Exercise — Give the listing again in full and exactly, apart from its pictures.

Supplied information —
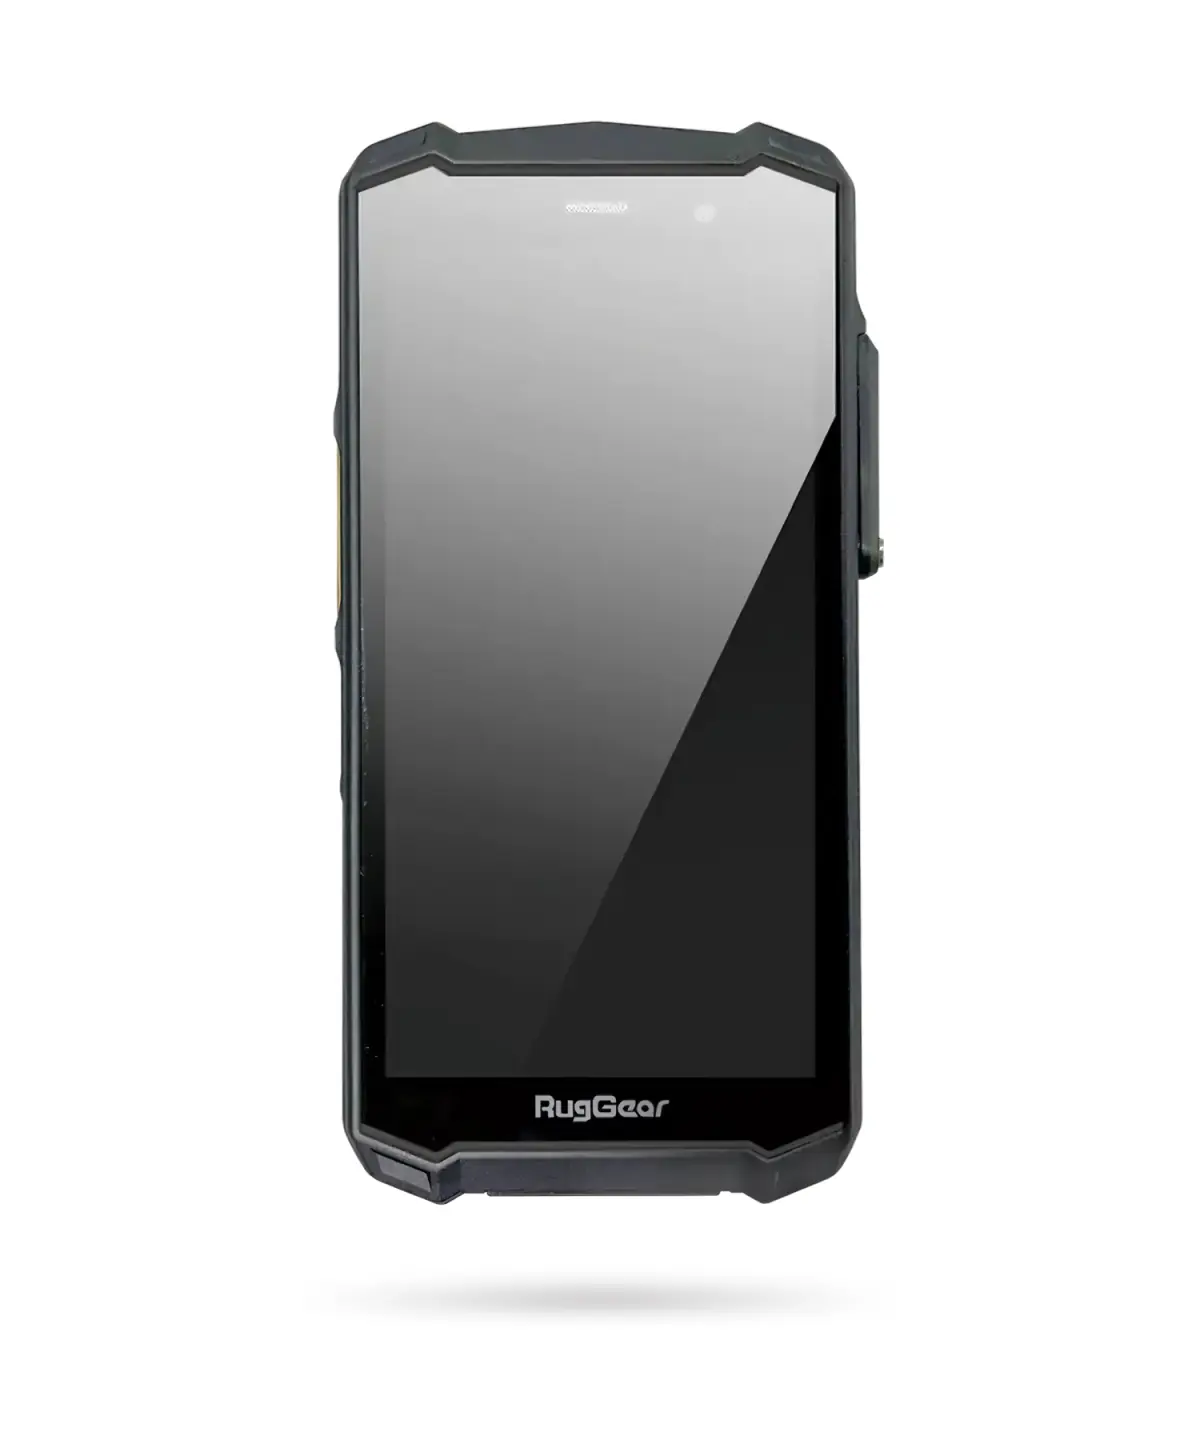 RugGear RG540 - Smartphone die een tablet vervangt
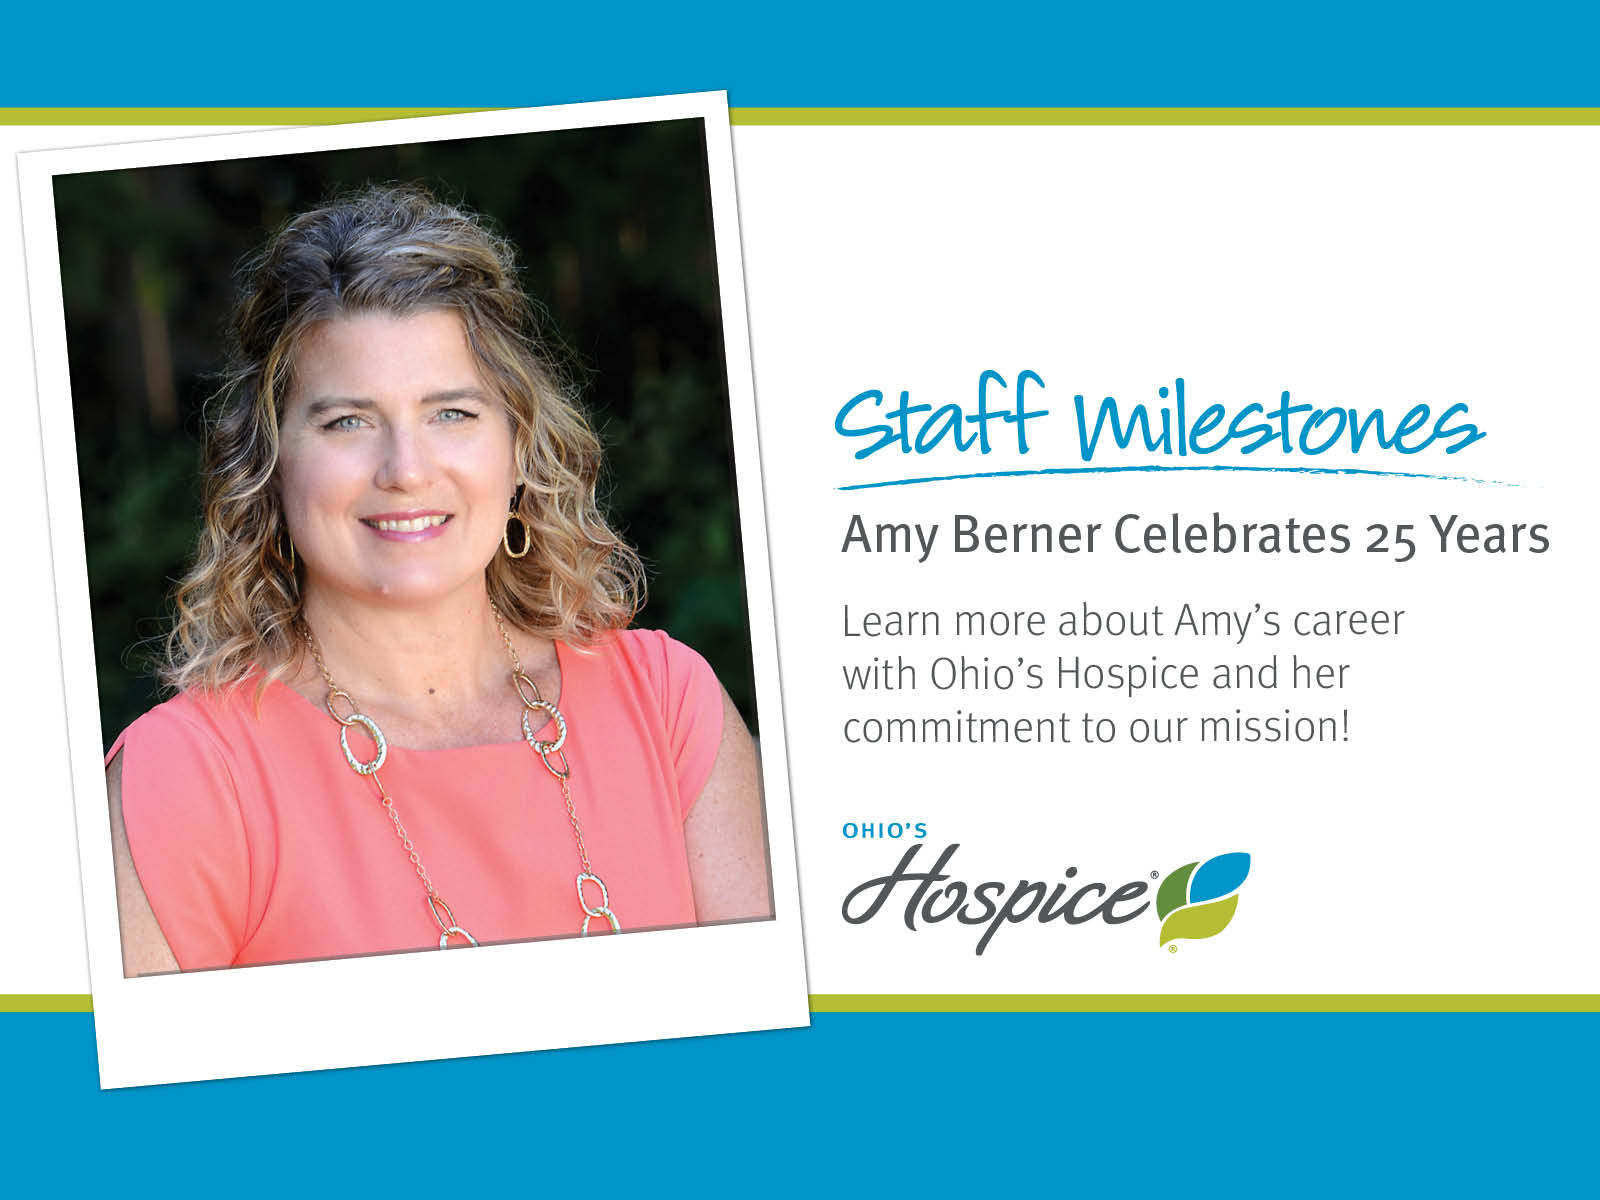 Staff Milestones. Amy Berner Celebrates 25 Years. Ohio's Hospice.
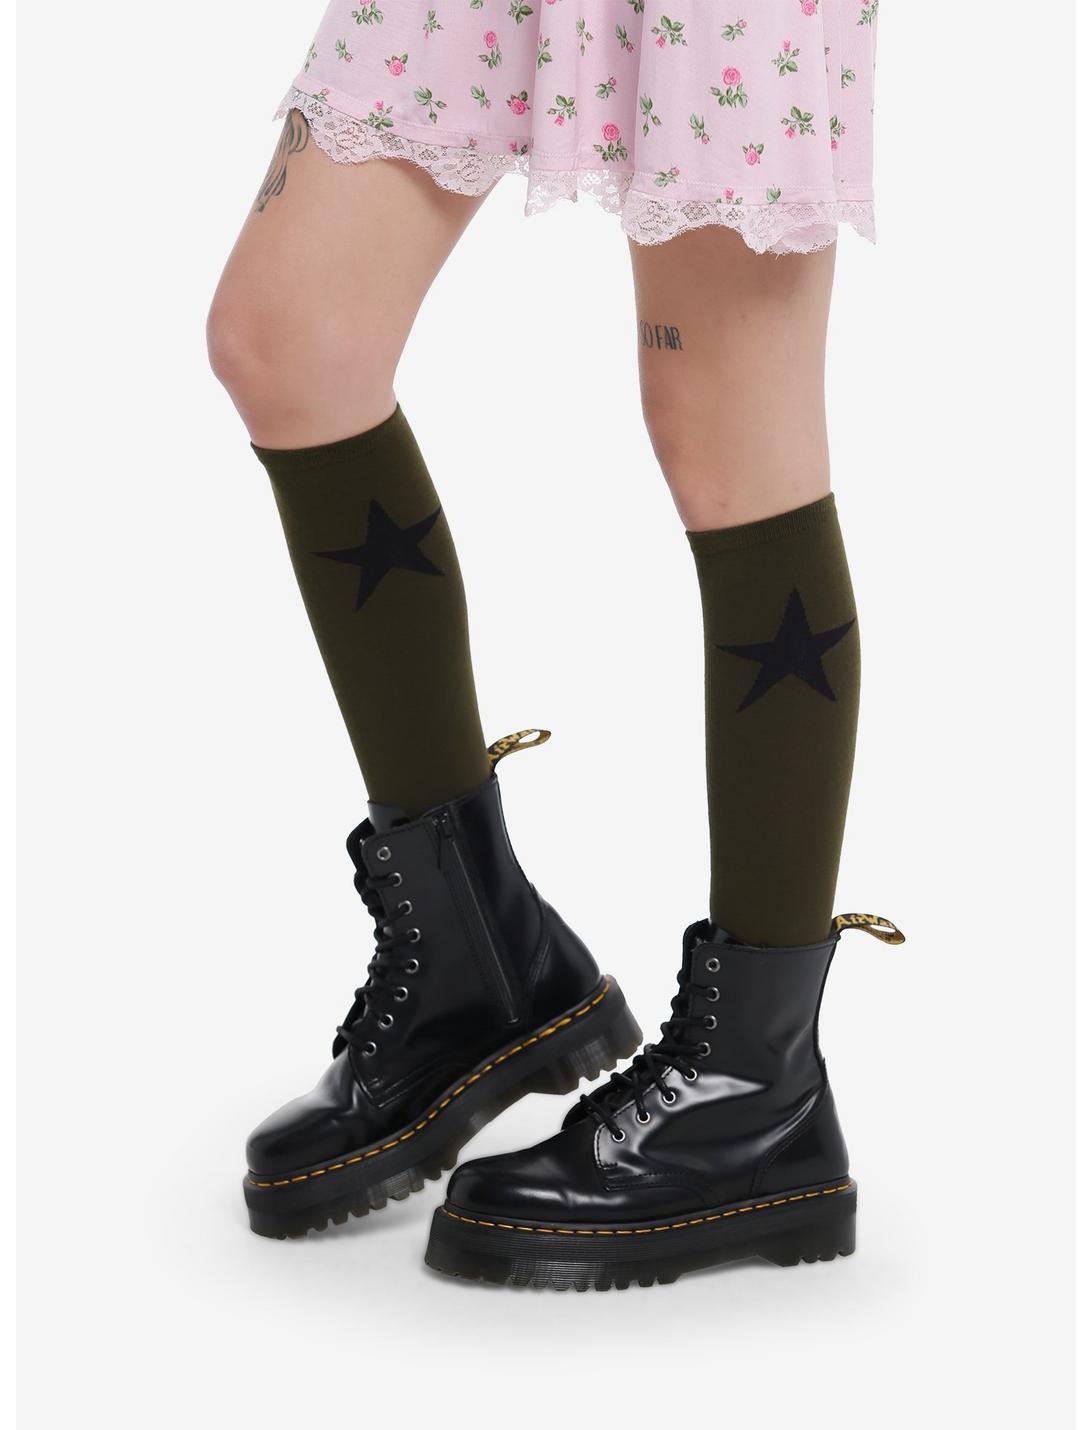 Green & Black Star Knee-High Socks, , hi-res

Problem solution —
 RugGear RG540 - Smartphone die een tablet vervangt
 Staff Milestones. Amy Berner Celebrates 25 Years. Ohio's Hospice.
 Green & Black Star Knee-High Socks, , hi-res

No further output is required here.